The test also uses some example key files. To generate these, run:
cd fuzz && openssl req -x509 -newkey rsa:512 -keyout server.key -out server.pem -days 9999 -nodes -subj /CN=a/
To check that this test is set up correctly, run:
fuzzbuzz check
Analyzing files...
✔ Analyzed 133 files
Found fuzz directory, building tests...
✔ Built 1 fuzz tests
Checking fuzz tests...
✔ Ran 57.3k tests on FuzzHandshake in 20 seconds
All functions checked. Ready to submit to Fuzzbuzz!
Step 4: Add project to Fuzzbuzz
Fuzzbuzz integrates with your GitHub account to ensure it is always testing your latest changes. The simplest way to test the Heartbleed repository on your own account is to fork it. If you wish to push your own repository, be sure to include the fuzzbuzz.yaml
and all fuzz tests.
When you first log into Fuzzbuzz, you're presented with a blank homepage and an "Add New Project" button. Click this button, and select "Coverage Guided Fuzzer".
You'll then be presented with a Git Providers screen. Right now Fuzzbuzz supports GitHub, but GitLab and Bitbucket integrations are coming soon.
Select GitHub and press Next.
Finally, you will be redirected to GitHub to authorize the Fuzzbuzz app.
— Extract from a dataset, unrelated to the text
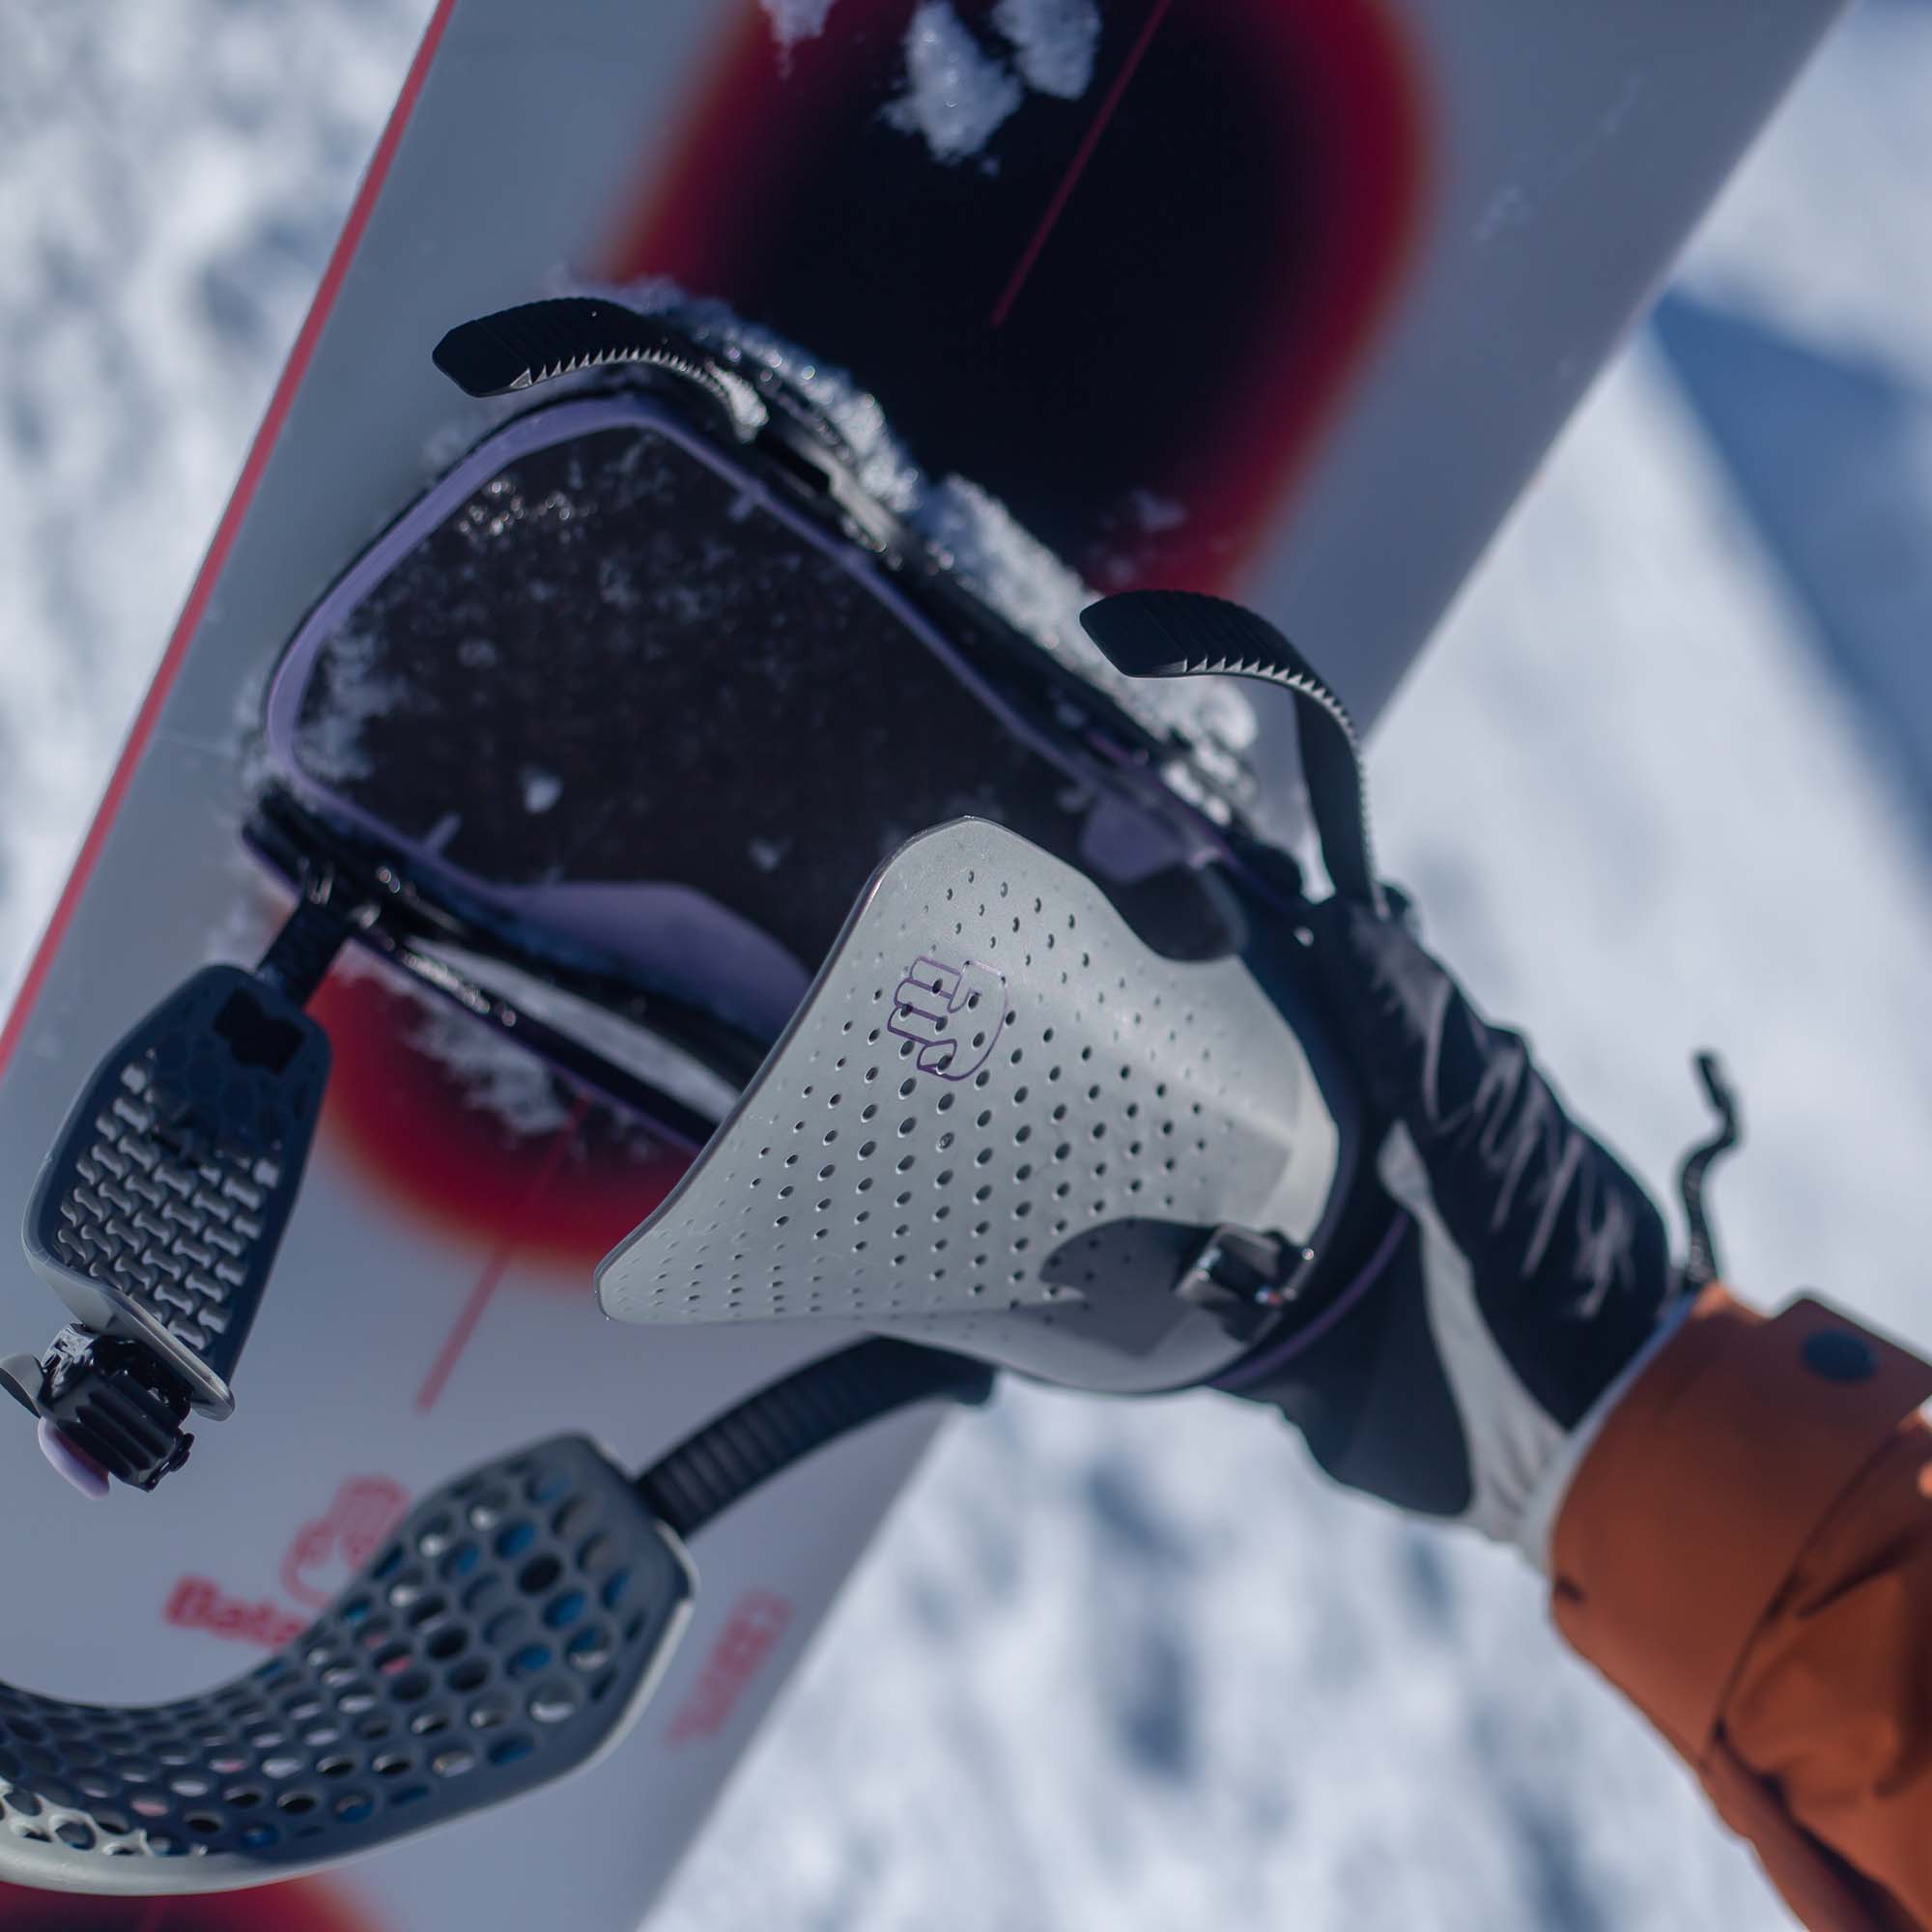 Bataleon Astro Asym Snowboard Bindings

This initial authorization is used to gather a list of the projects you have access to. You will then be asked to install the GitHub app on your organization or repository.
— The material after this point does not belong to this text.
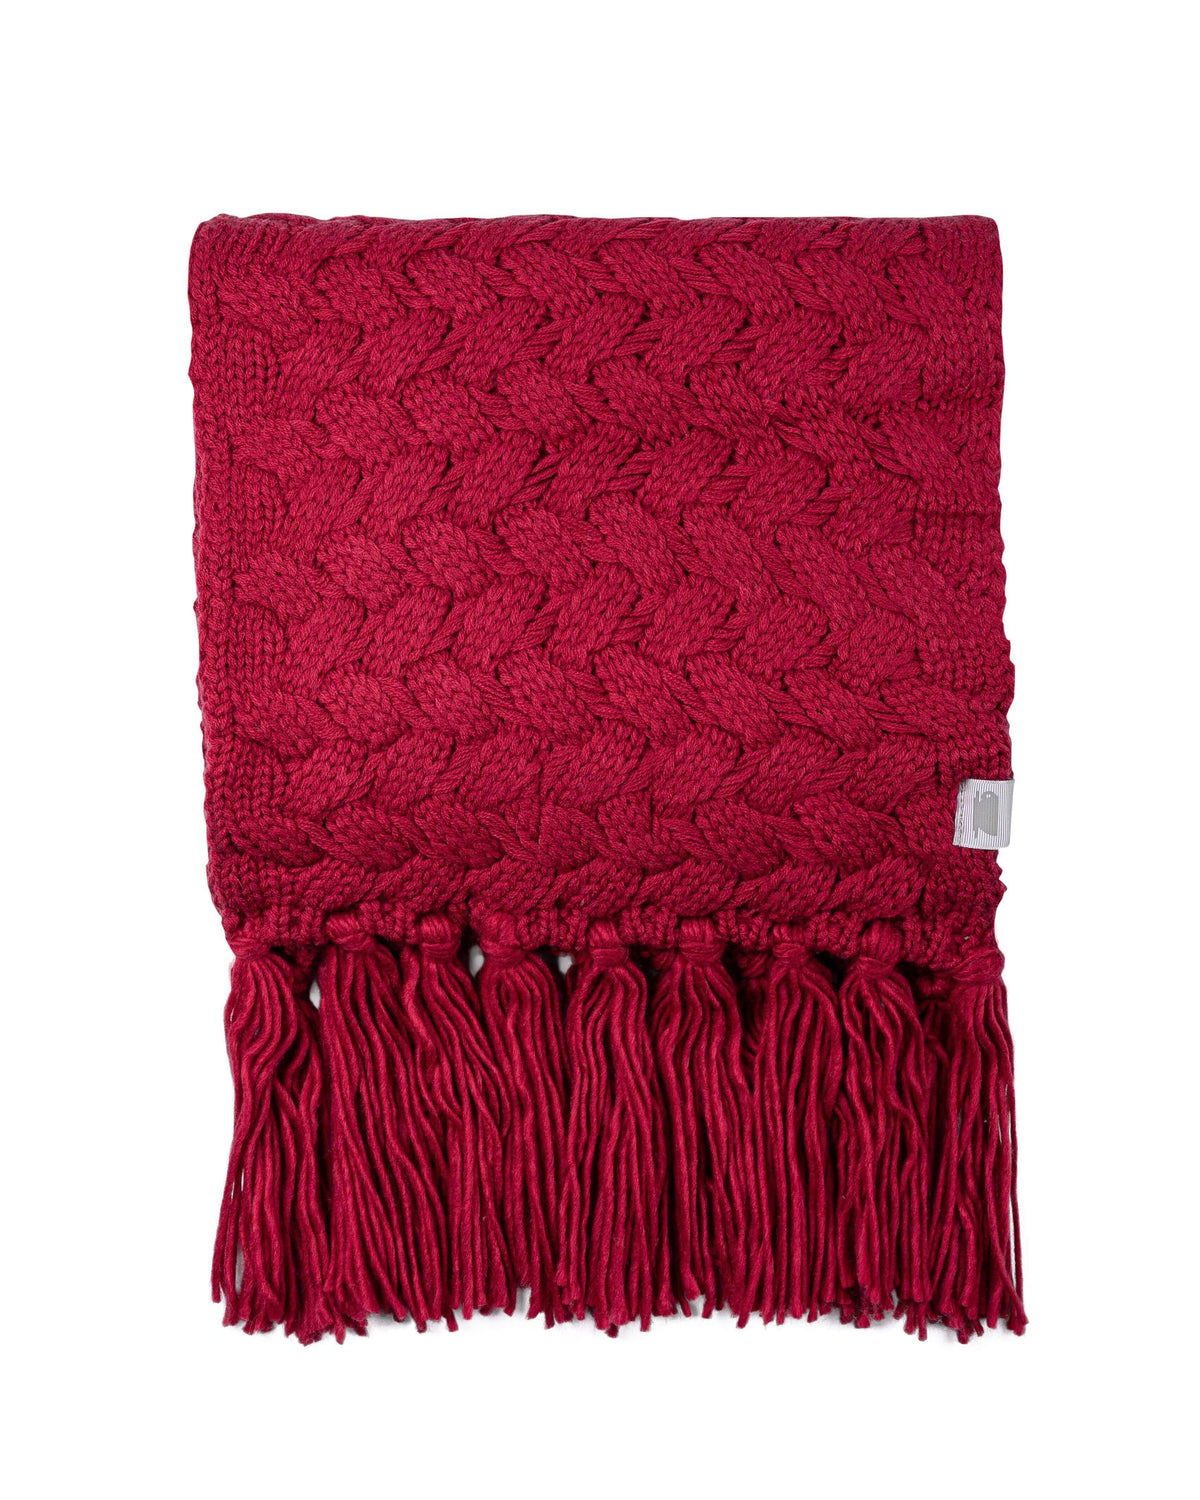 Basket Weave Tassel Wrap Scarf - Deep Red - LATTELOVE Co.

Once you're finished, select the project you wish to test.
Fuzzbuzz will automatically detect your fuzzbuzz.yaml
file, check it for any errors, and then begin building your code. You can click the job in the Overview page to watch the build logs as your fuzz tests are compiled.
Step 5: Find Heartbleed!
A few minutes after the target begins fuzzing, you should see an entry pop up in the list of bugs. Congratulations - you've just found Heartbleed with Fuzzbuzz.
For more information about the bug, click the red bug type in the Bugs table to go to the bug details view. Here you can see the stacktrace and the exact line the bug was found on. According to the stacktrace, it's a Heap-buffer-overflow
- more specifically a Read of size 65470.
Congratulations, you've found heartbleed by fuzzing!